= David Hyerle =

American author

David Hyerle is an author and creator of a thought-organization methodology called Thinking Maps that is popular in public schools in the United States.

==Thinking Maps==
In 1988, David Hyerle wrote Expand Your Thinking and introduced Thinking Maps. These are a set of techniques used in primary and secondary education with the intention of providing a common visual language to information structure. There are eight types of maps:
- Circle Map: used for defining in context
- Bubble Map: used for describing with adjectives
- Flow Map: used for sequencing and ordering events
- Brace Map: used for identifying part/whole relationships
- Tree Map: used for classifying or grouping
- Double Bubble Map: used for comparing and contrasting
- Multi-flow map: used for analysing causes and effects
- Bridge map: used for illustrating analogies

He believed that all K-12 educators teach the same thought processes regardless of grade level and regardless of what terms were used to refer to them.
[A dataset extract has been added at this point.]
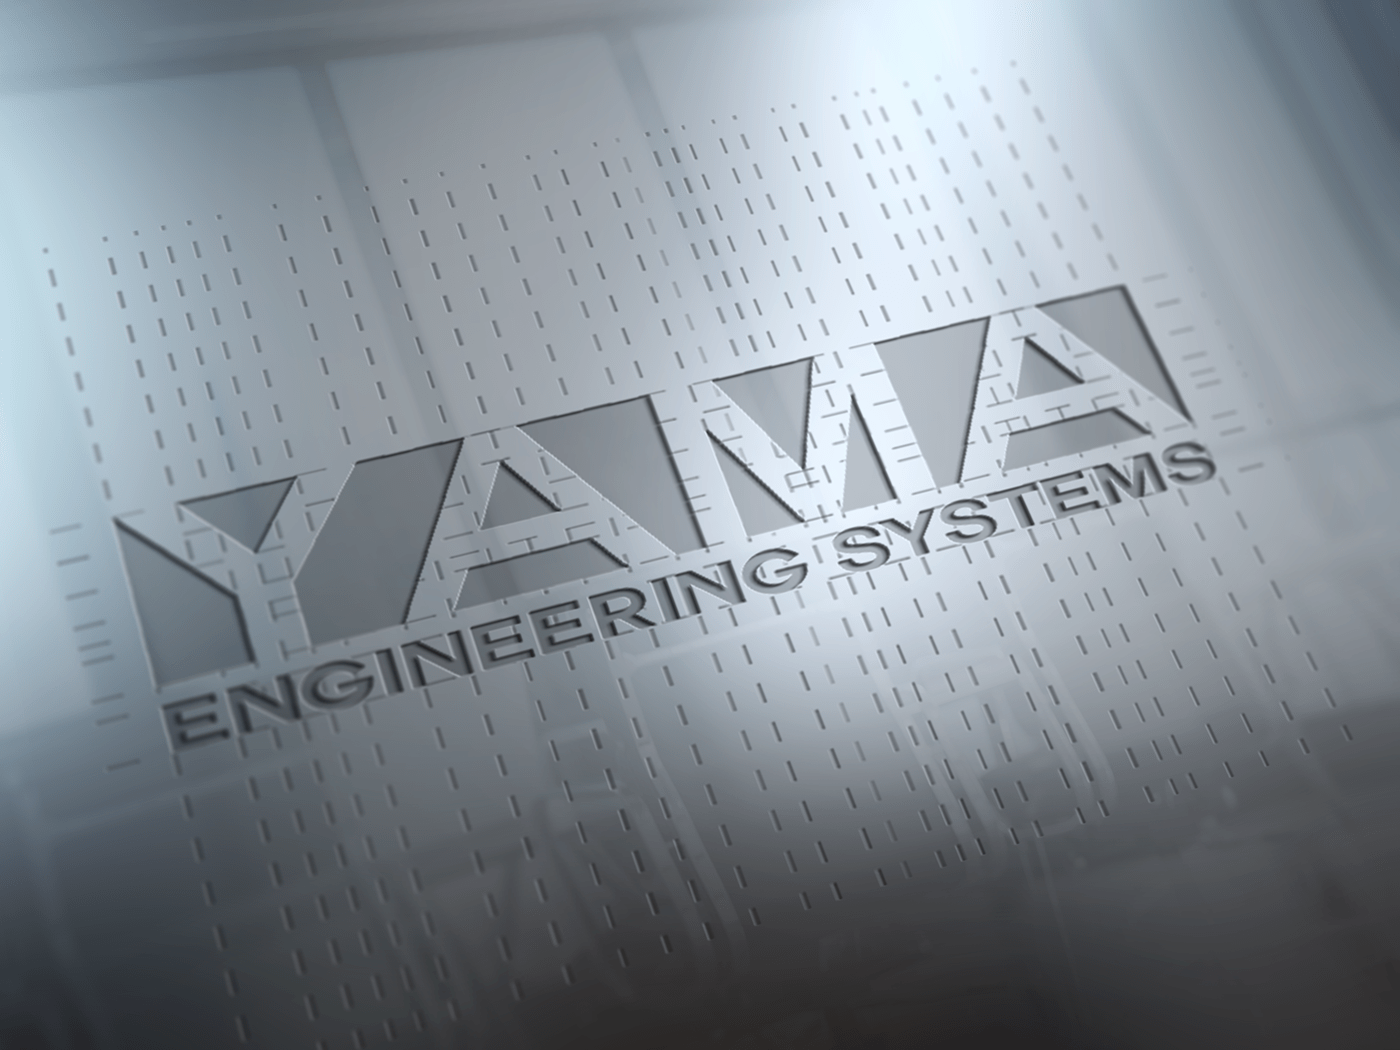 construction contracting engineering systems fire extinguishers Fire fighting systems fire protection Fire pumps supplies Trading Company yama
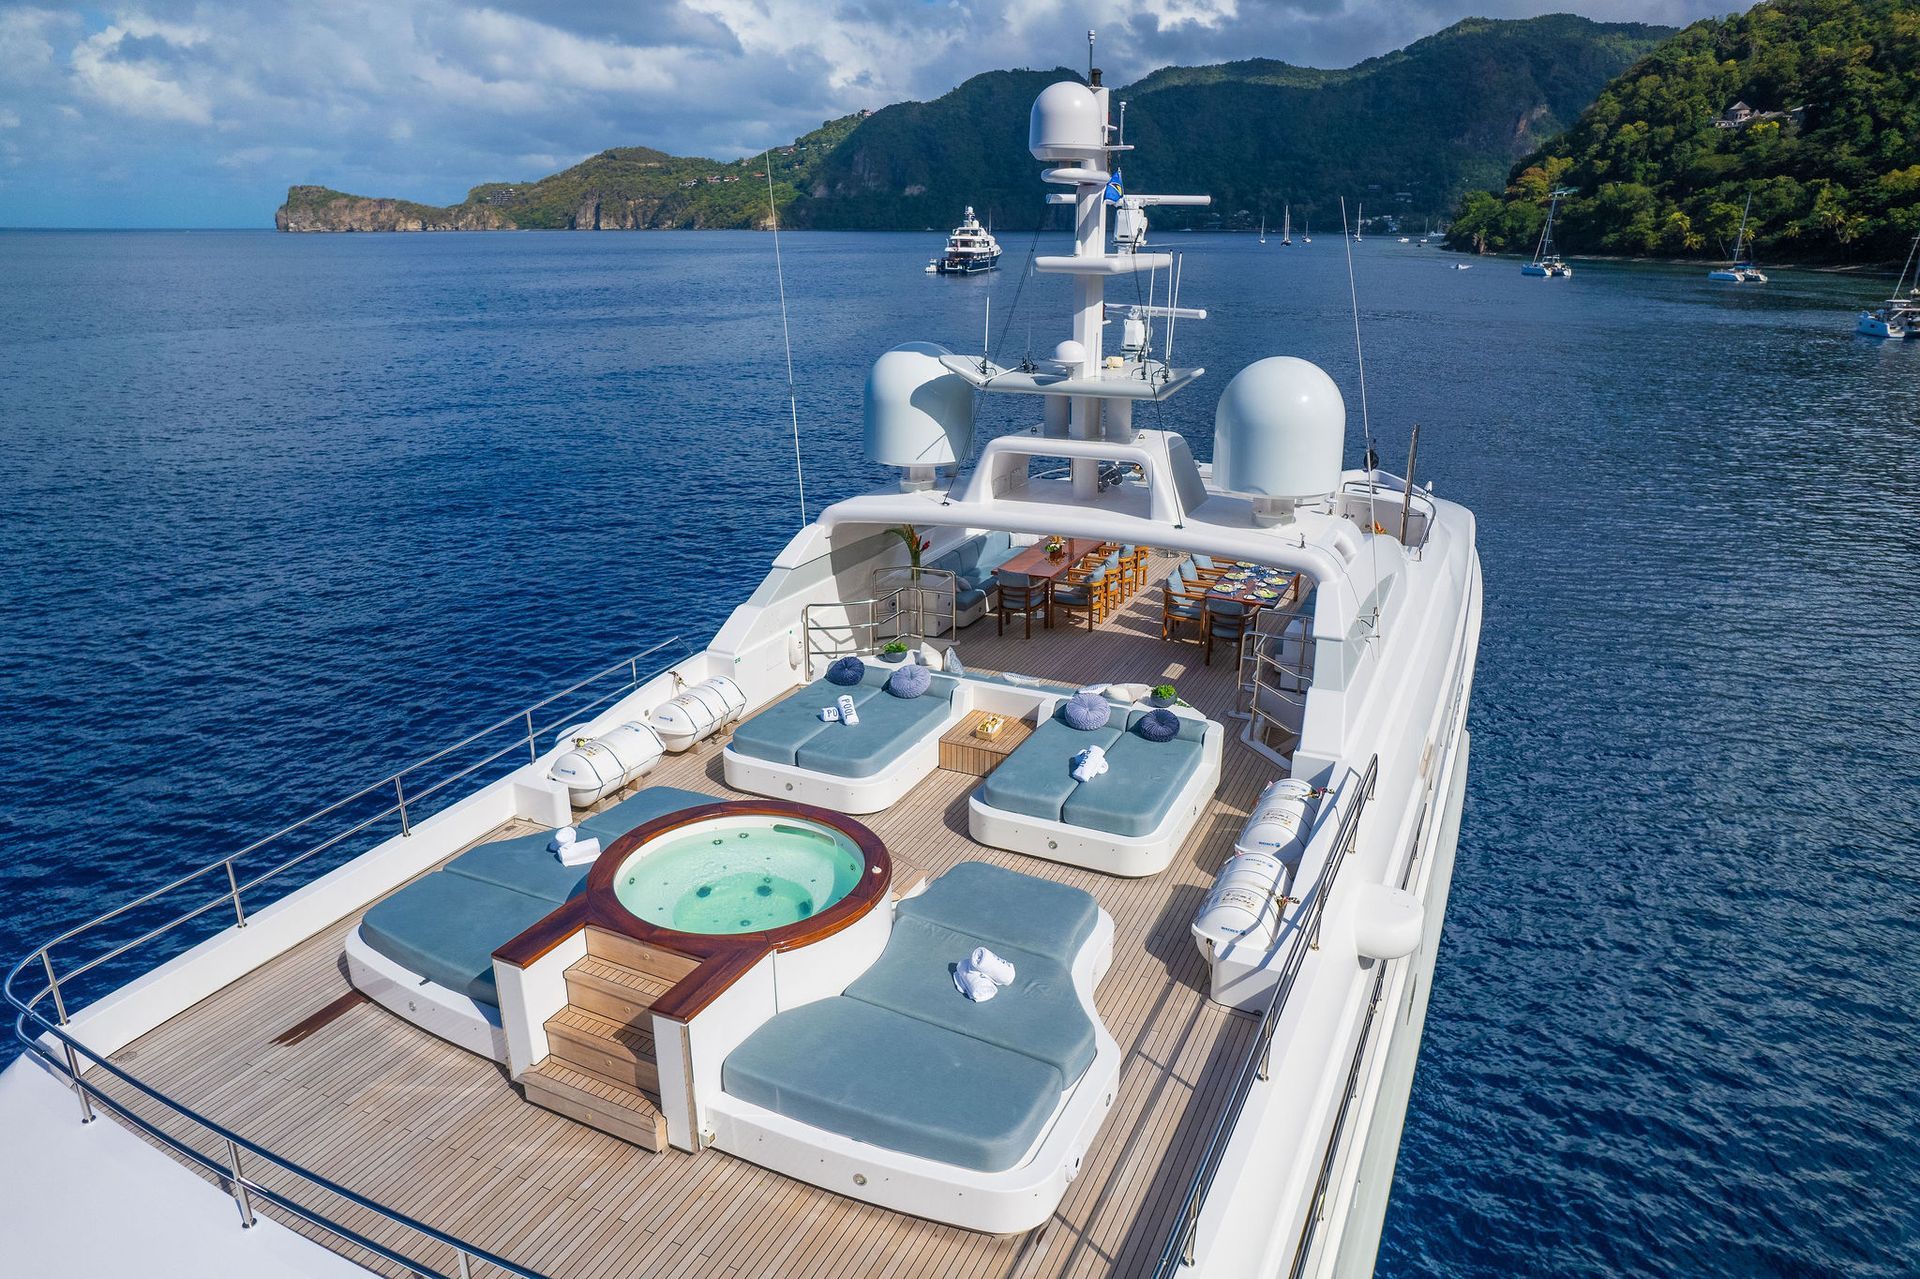 a large yacht is floating on top of a body of water

Thinking Maps were intended to standardize the language and visual organization used in education, which the company believed would close the achievement gap by establishing common ground. The idea was that if all children have the same background knowledge, less time would be spent teaching and re-teaching thought processes. Hyerle also thought these techniques would promote metacognition and continuous cognitive development over the course of a student's academic career.